In this clinic in Vienna a young, unknown neurologist named Constantin von Economo first took notice of these peculiar patients who seemed to have no connection to one another and found the link common to all. There was no known neurological disease that caused indefinite sleep. And, likewise, with no other disease would the patient suddenly and inexplicably awaken.

“We are dealing with a sleeping sickness,” he said, bewildered.

 

 

 

D
r. von Economo waited in the halls of the Vienna psychiatry clinic. They were white and stone. Clean. They reflected lamplight and smelled of antiseptic. Snow fell outside the windows. Indoors, however, the clinic was teeming with physicians and patients. Long metal tables were stacked with paperwork, charts, and graphs. It was orderly and efficient.

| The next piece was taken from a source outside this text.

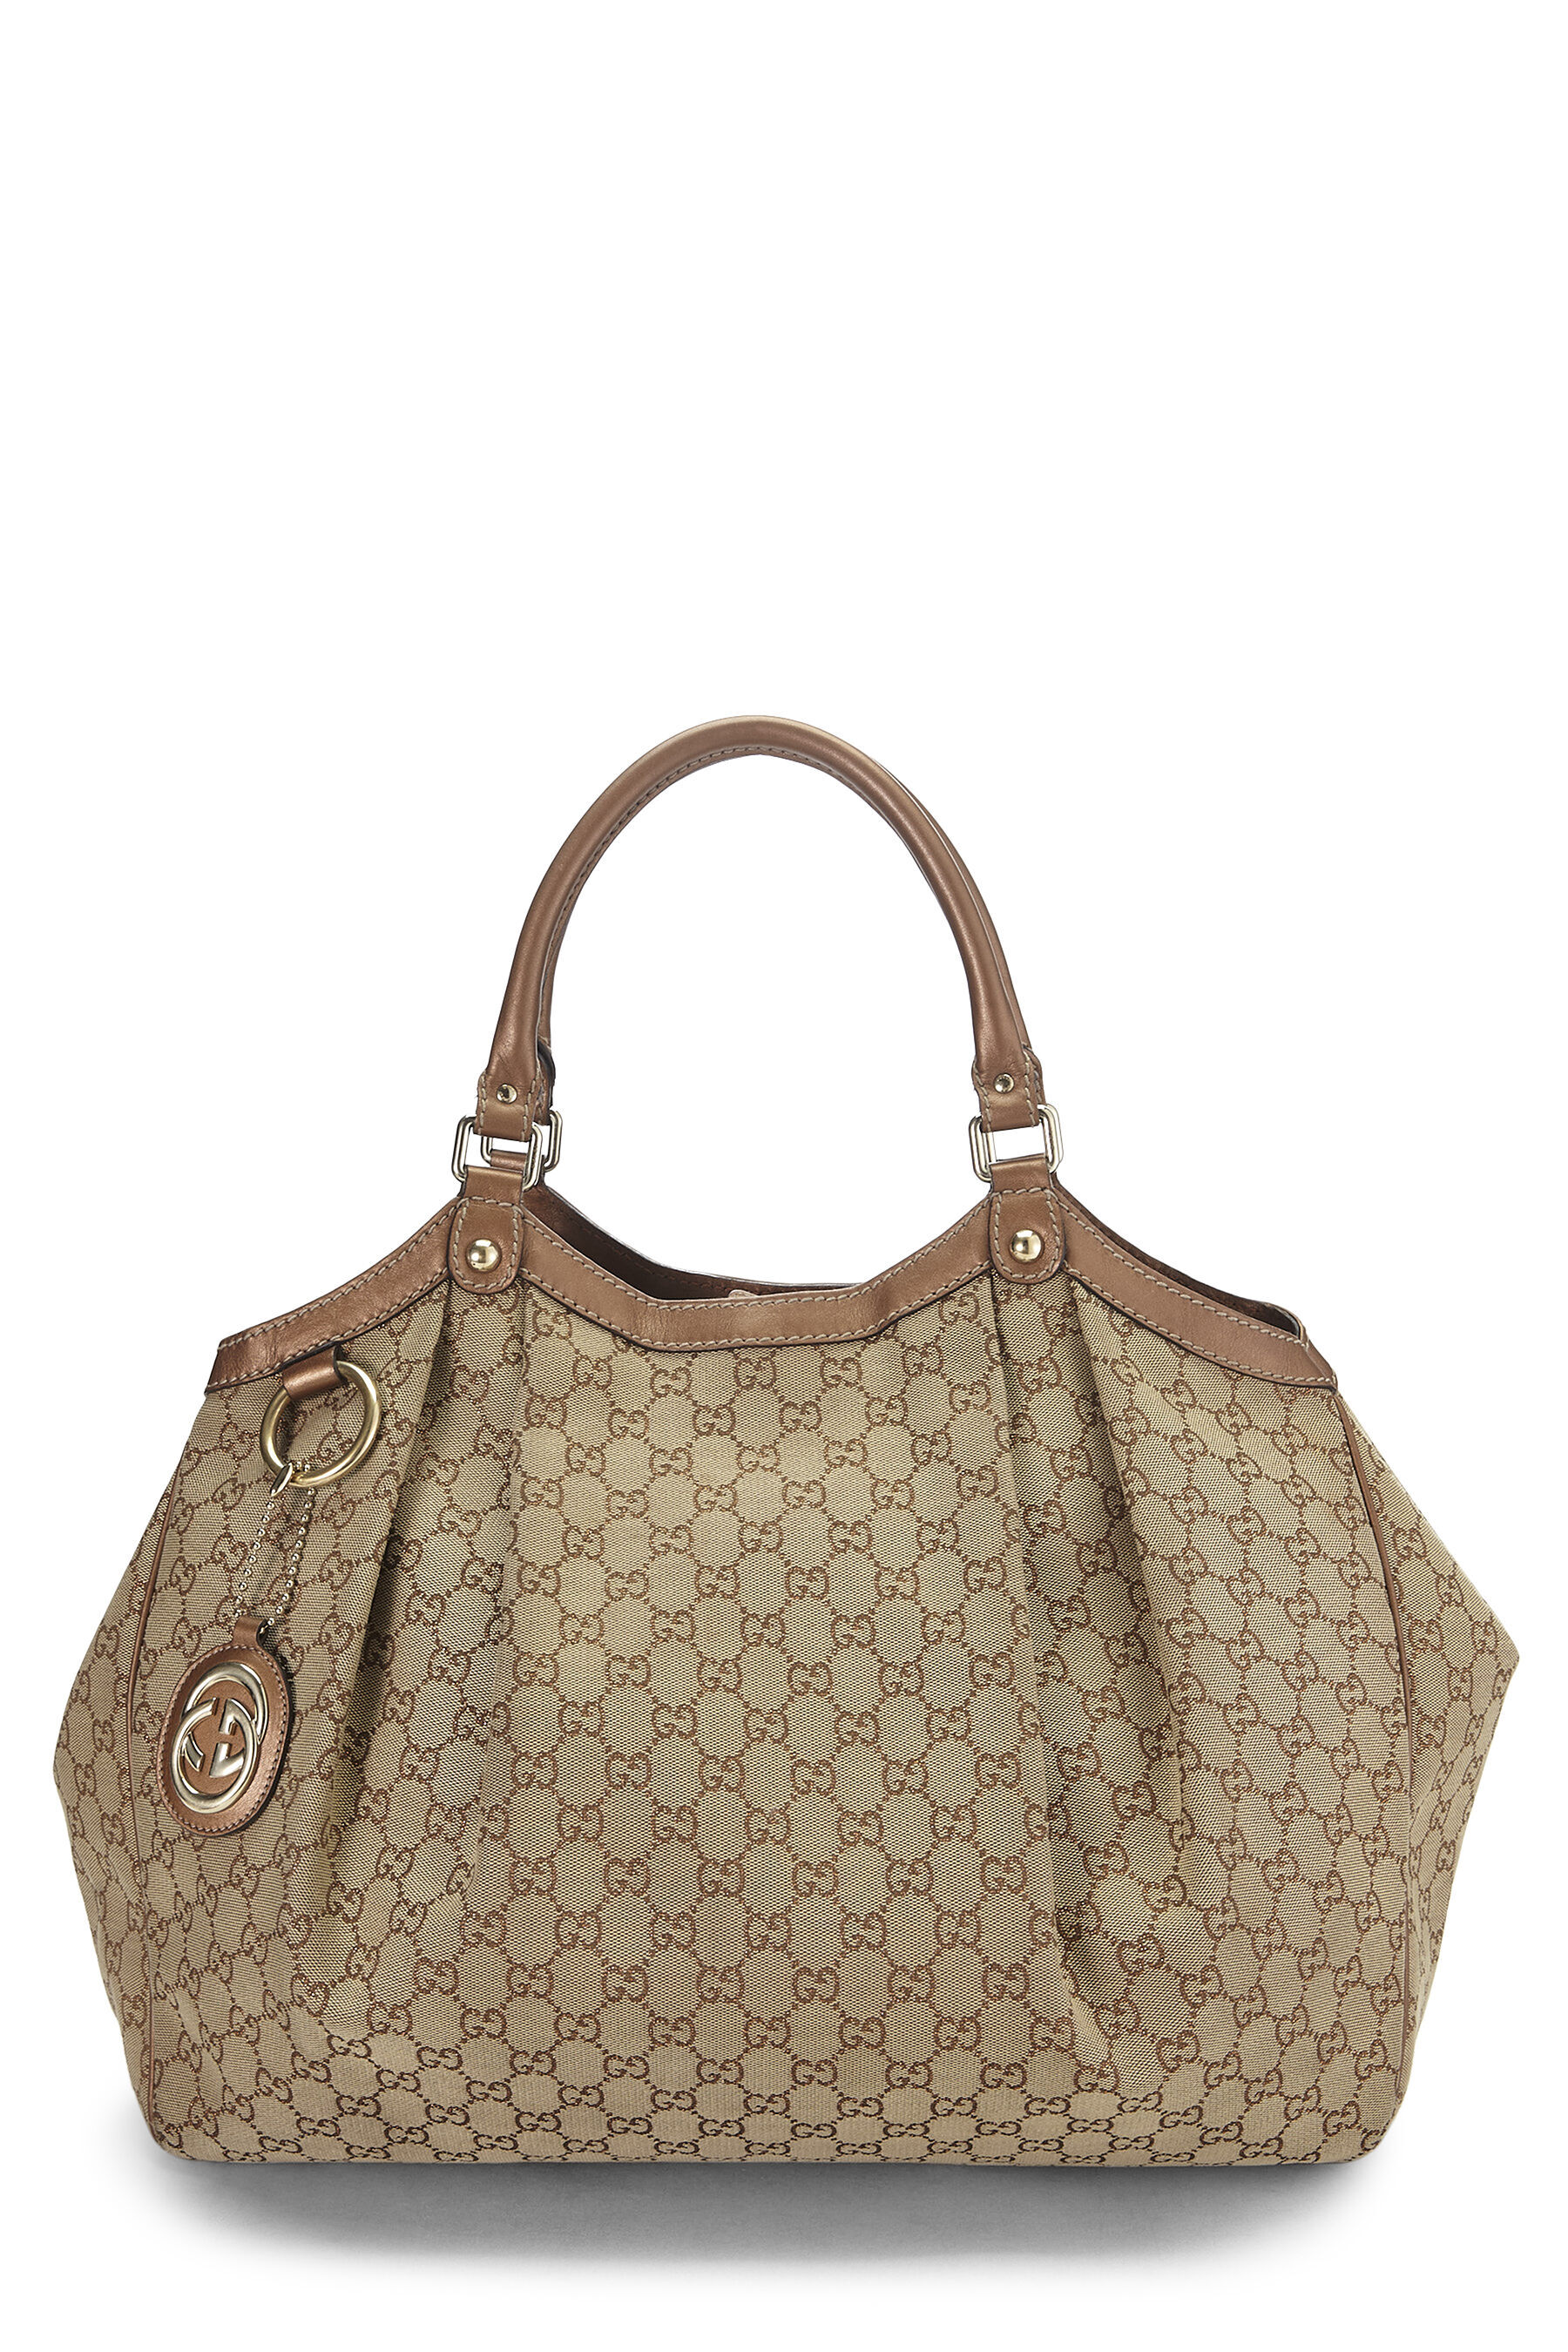 At Auction: GUCCI, GUCCI - Bamboo Gucci Handbag.

Von Economo could not have been better positioned. In Vienna, and throughout eastern Europe, groundbreaking work on brain study was taking place during the early decades of the twentieth century. Julius Wagner-Jauregg, the neurologist for whom the Vienna clinic was named, was experimenting with fevers to treat mental illness. He would win the Nobel Prize for his experiments using malaria as a treatment for neurosyphilis. In neighboring Germany, Emil Kraepelin was studying dementia praecox, the disease that would later be called schizophrenia, and Alois Alzheimer was publishing papers on the disease that would bear his name. And Europe was becoming the birthplace of psychoanalysis, thanks to Sigmund Freud and Carl Jung. According to Freud, exposure to so many taboo, immoral, violent actions was more than the human mind could take in many instances. The scores of patients with “war neurosis” seemed to support his theory as patients became catatonic, suffered nightmares, and saw recurring images of bayonets and mutilated bodies. They could not get the scent of the yellow clouds of mustard gas out of their nose, the feel of trench barbs out of their skin, or the staccato sound of continuous gunfire out of their ears.

 

 

 

V
on Economo himself was more of a clinical physician and had returned to Vienna only a few months before. Like most other Austrians, he had enlisted in the weeks after Austria’s archduke had been assassinated by a disgruntled patriot from Sarajevo. He enlisted first for the air corps, but when he was stationed in Vienna to organize the air force, he transferred to the automobile corps to get onto the Russian front faster. While the Central Powers had declared the war would be over by Christmas, von Economo rightly viewed that as a gross underestimation. “The war is a huge wave,” he told his wife, “that will not ebb for a long, long time.” Eventually, waiting out the long winters in small villages along the Eastern Front bored von Economo. He reapplied for a position in the air force in 1916 and was at last granted one. On the days when he was not flying, von Economo volunteered to do medical assistance.